### Task to complete
Beginning with the line below that contains "Prague transport ticket" and ending with the line that contains "Useful tips for designing a loft", retype every line exactly. Pictures are not copied.

### Data for processing
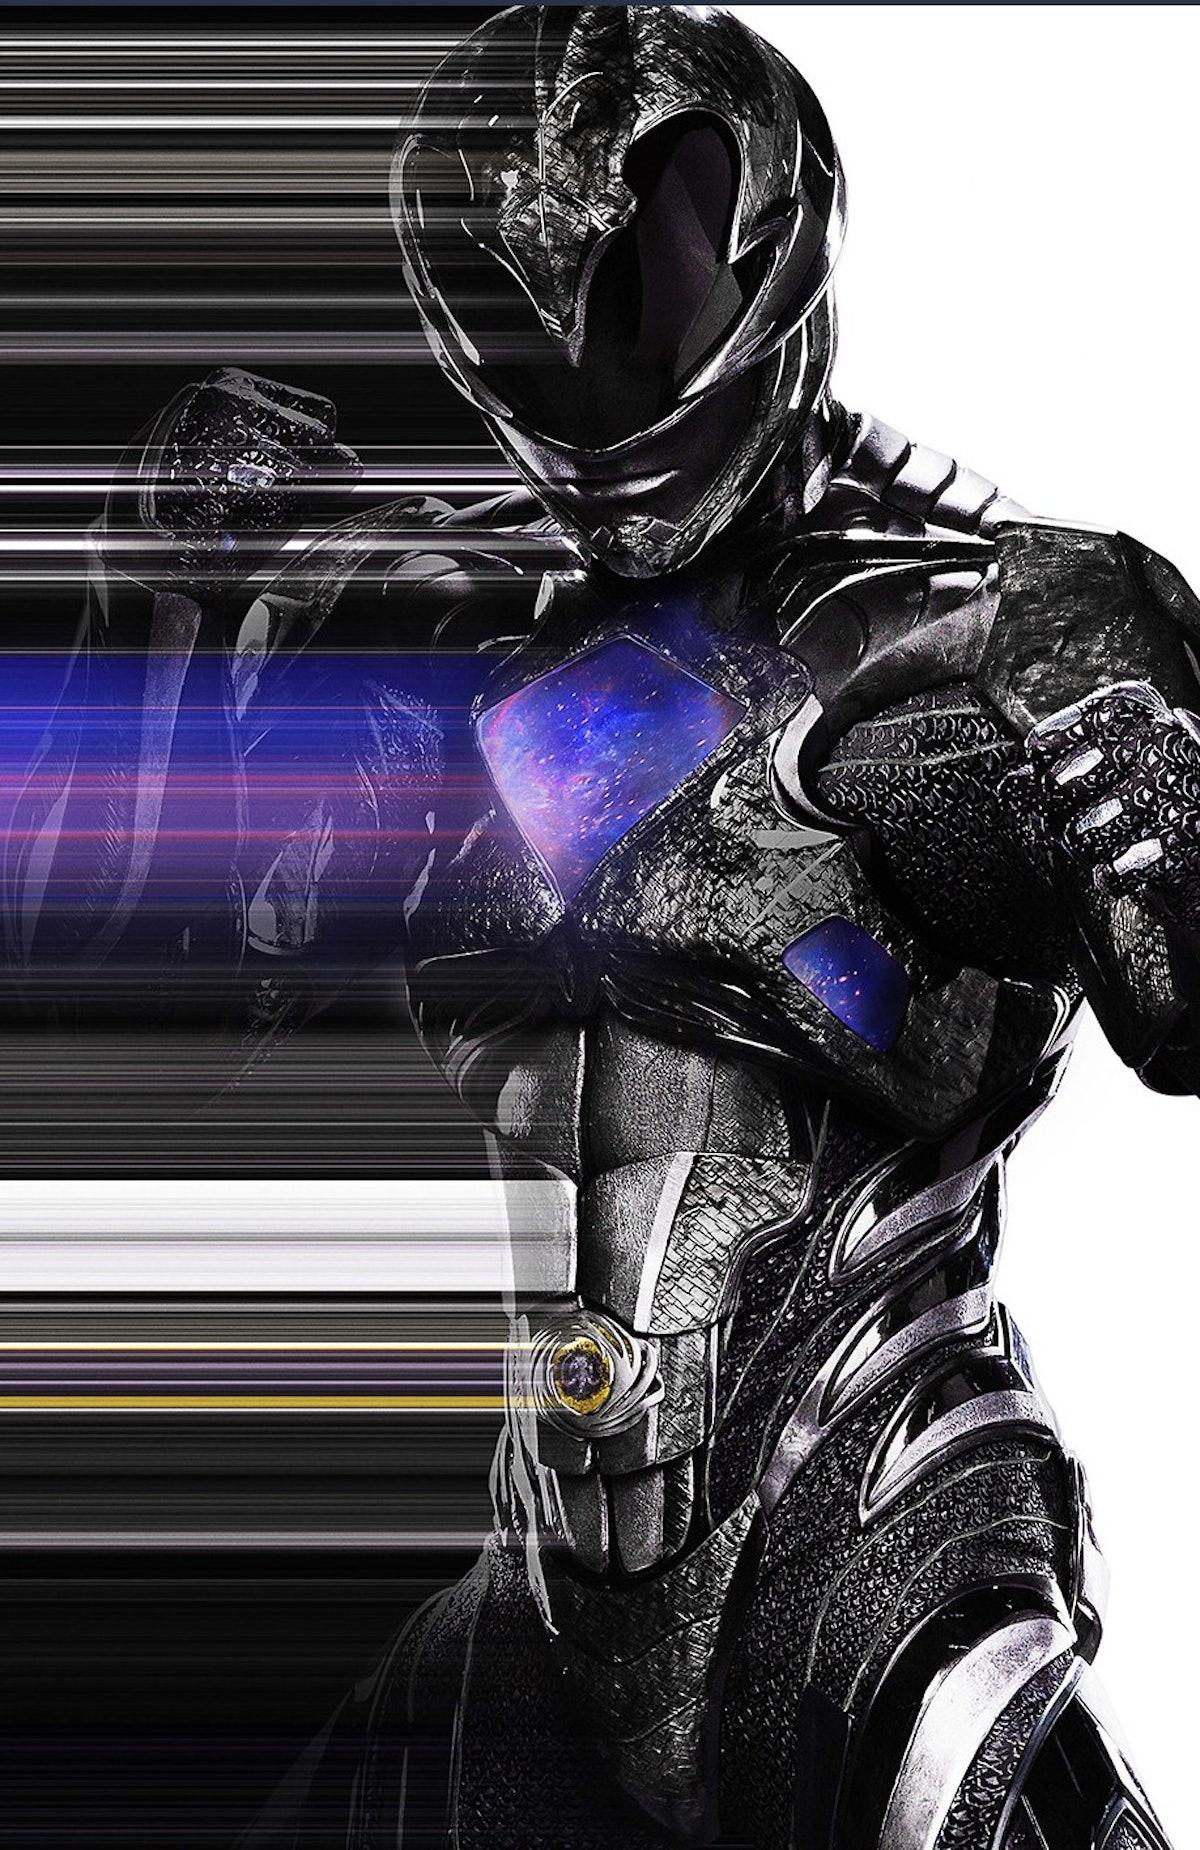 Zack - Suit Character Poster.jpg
...
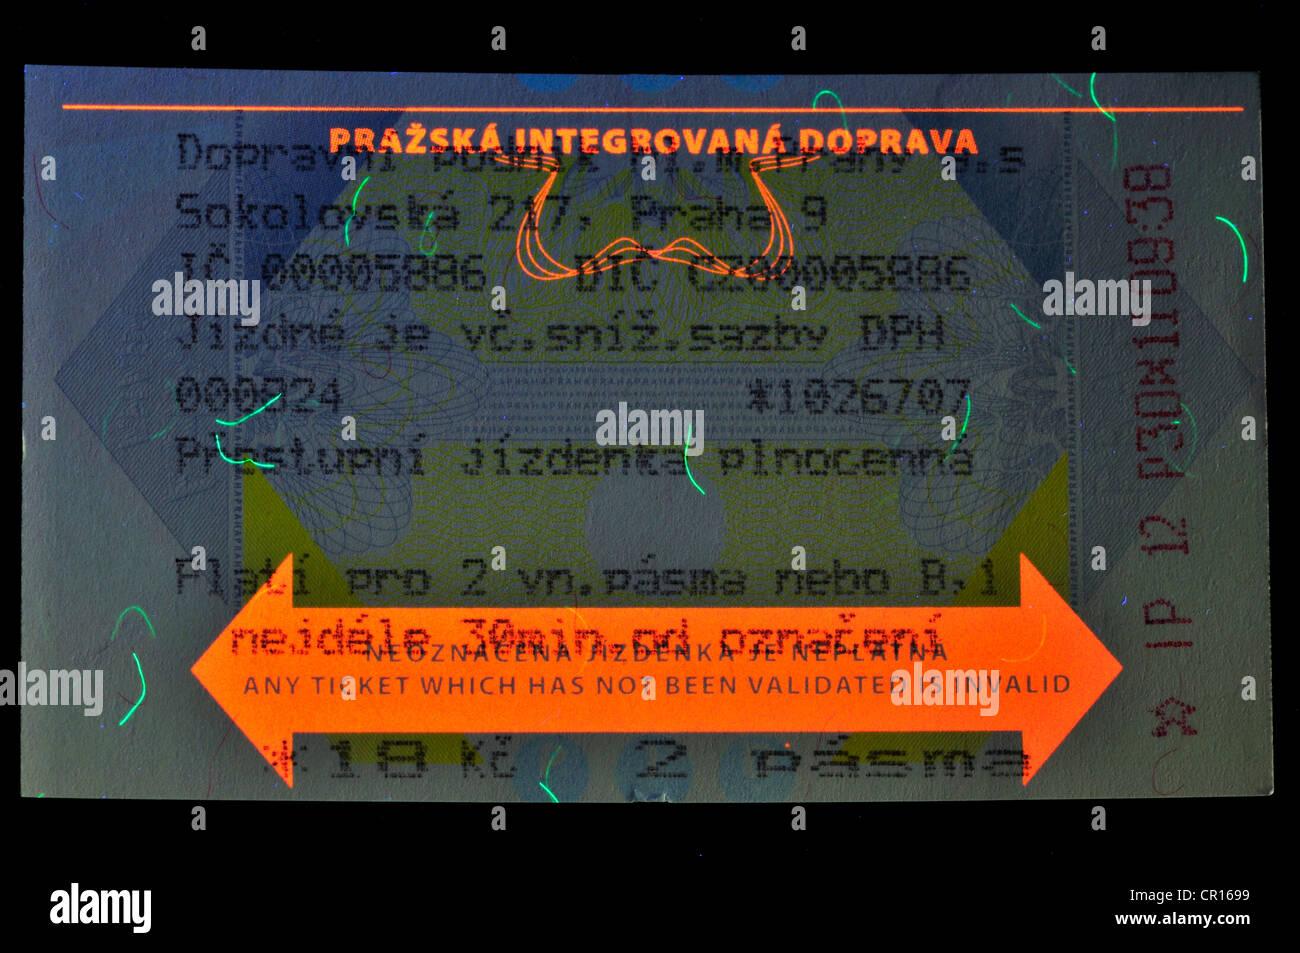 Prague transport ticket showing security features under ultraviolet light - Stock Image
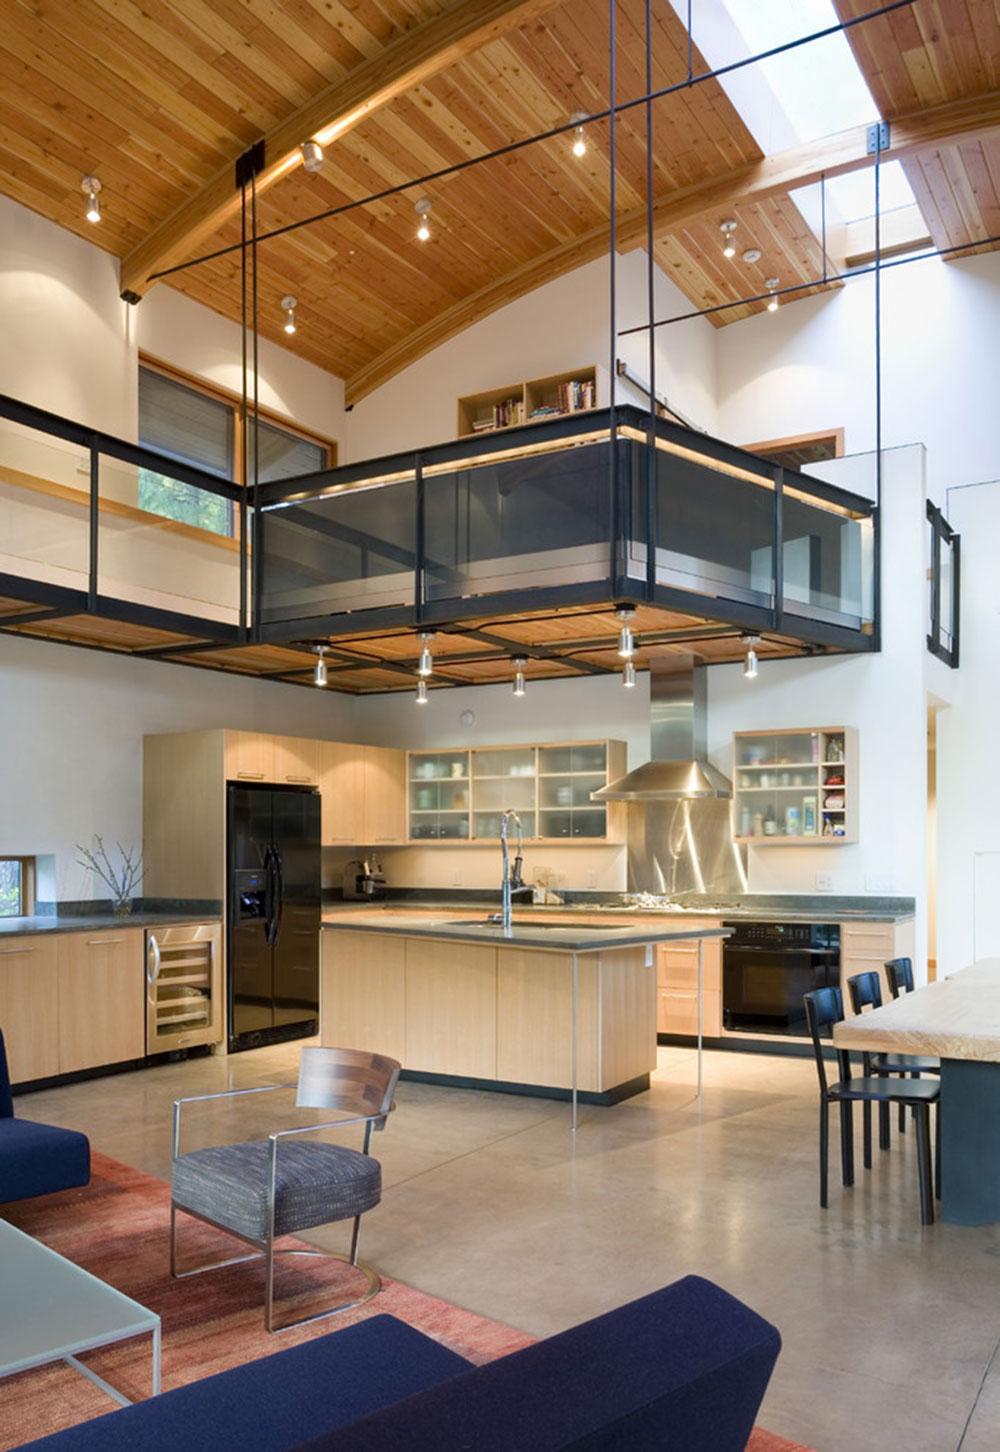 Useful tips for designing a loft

### Solution for this problem
 Prague transport ticket showing security features under ultraviolet light - Stock Image
 Useful tips for designing a loft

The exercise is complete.